Will issued orders to his squires and followed reluctantly, clearly ready to head home and check on the preparations his men were making to defend Chesterfield Park. Ellen sensed under any other circumstance, he wouldn’t have agreed to leave his home, not with the tension with Lord Worth. But Ellen was quickly learning Will would do anything for Marian, including this dangerous—perhaps even futile—attempt to find their dad.
She tried to picture the area as it was in modern times. Where exactly would the hospital stand? The grassy hills revealed nothing of what would come hundreds of years later. Without anylandmarks to guide the way, she felt more helpless with each deserted rise they crested and each empty copse they searched.
Will finally reined in his horse at the edge of an area of shrubs they’d just searched. He glanced overhead, his expression grim. “Night will fall erelong. I regret we must be on our way.”

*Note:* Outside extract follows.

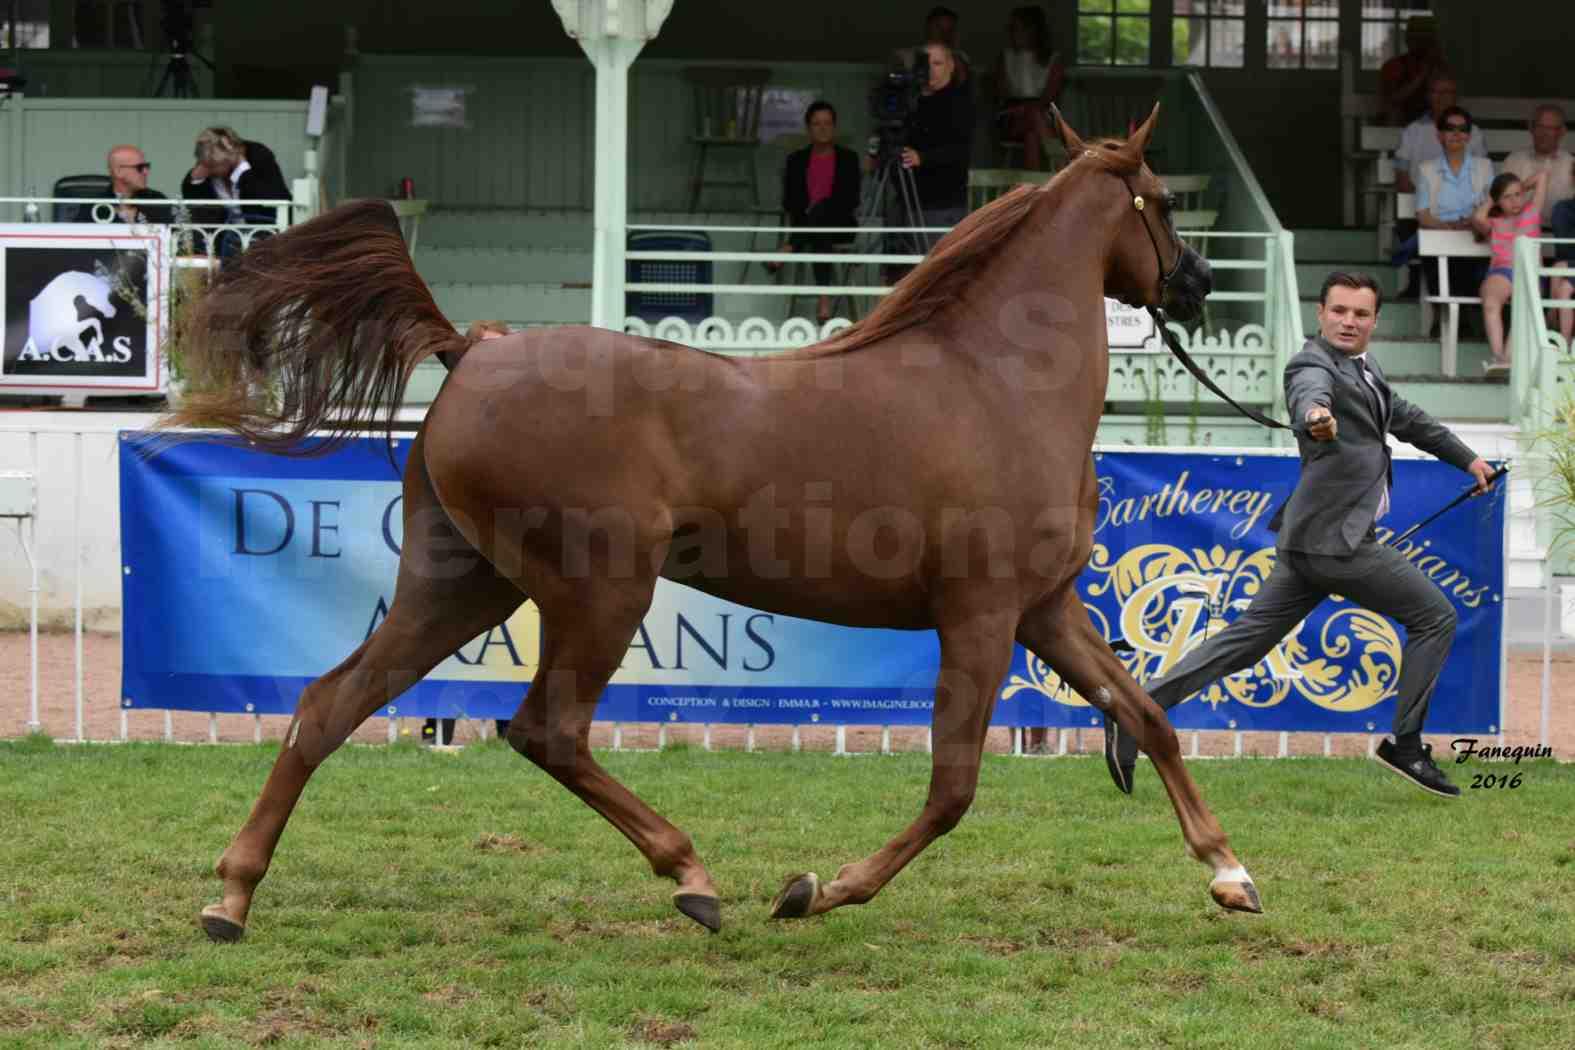 International Arabian Horse Show B de VICHY 2016 - PEARL DE DJOON - Notre Sélection - 09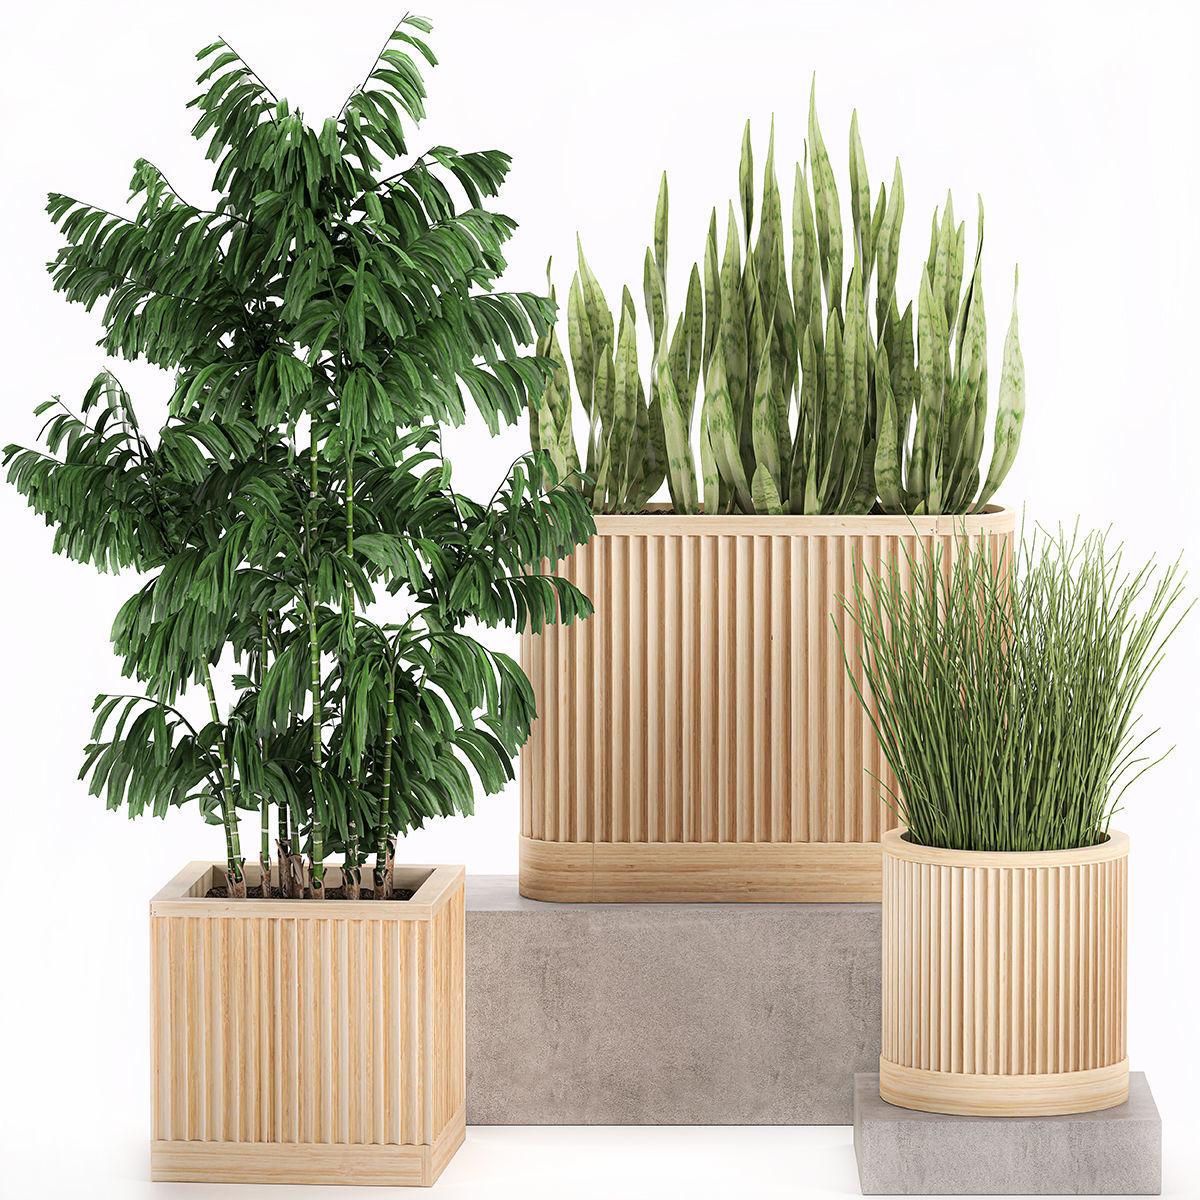 Decorative plants in a bamboo flowerpots 799

Ellen nodded and suppressed a shudder. Although twilight was settling around them, she didn’t want to return to Marian without their dad. A glance at Will’s frustrated expression told her he didn’t want to disappoint Marian either.
With stiff fingers and chattering teeth, Ellen started to turn her horse. As she spun, a spot of white among a tangle of brush caught her eye. It wasn’t the soft white of clover or hemlock. Rather it was thicker, almost gray. Was it the fur of a hare tangled in a bramble?
She urged her horse closer and then gasped. The grayish-white was attached to a head, a human head.
“Will!” she called over her shoulder. “I think I found him.”
Will trailed after her. Within seconds he was dismounting and prying apart branches, one of his squires assisting him. Ellen couldn’t move. She was too cold and sore. But she held her breath in anticipation.